Maybe I am overeacting but I find the whole sentence together offensive.

OP posts:
DilysPrice · 02/07/2011 19:05

OP I haven't seen the show, but you didn't see the whole thing either, and to me this line is shriekingly obviously either the set up to a joke in which the speaker's assumptions will be "hilariously" undermined, or a leaden attempt to set the speaker up as an unsympathetic character who will get their comeuppance.

In toddler TV nobody ever says bad and discriminatory things because they don't really understand about bad people saying bad things.
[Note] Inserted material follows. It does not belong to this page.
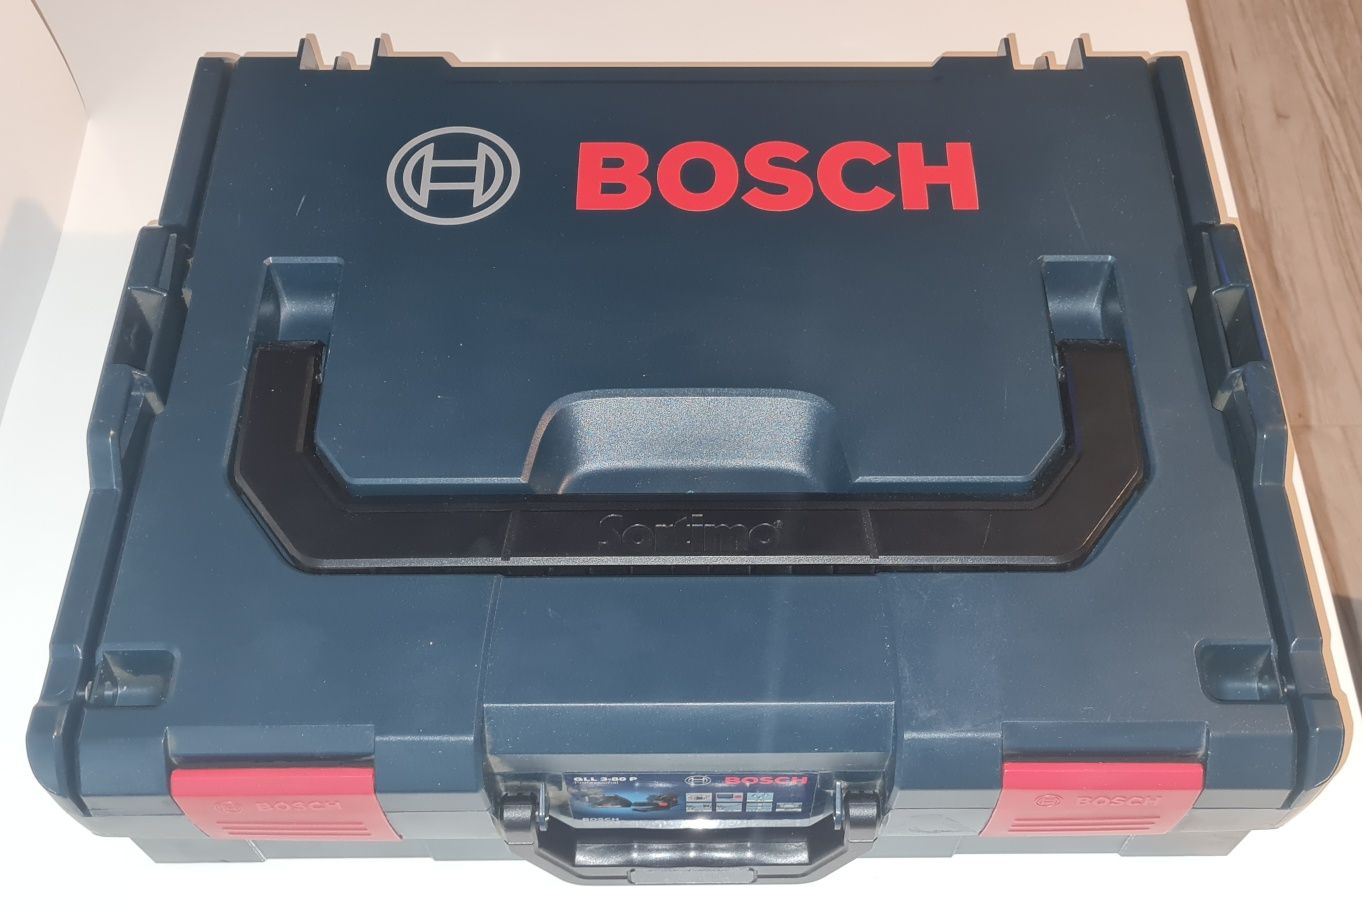 Laser bosch GLL 3-80 p

But as children get older we gradually expose them to fictional examples of Bad People saying Bad Things. The Harry Potter books are a good example I'd say.

However - I wouldn't offer a total defence of this sort of thing without seeing the entire show, because well meaning people can still get things badly wrong; Warren Mitchell doesn't see the problem with 'Til Death Us Do Part to this day.

Omigawd · 02/07/2011 19:13

Oh Lord... Just how sensitive can some people get?

mum0fthree · 02/07/2011 19:23

DilyPrice - your right I didn't see the whole show or the context the phrase was said in so I most probably have misunderstood what the phrase was implying.

Omigawd - yes I think I may be a tad sensitive, its quite hard not to be. I will have to grow a thicker skin.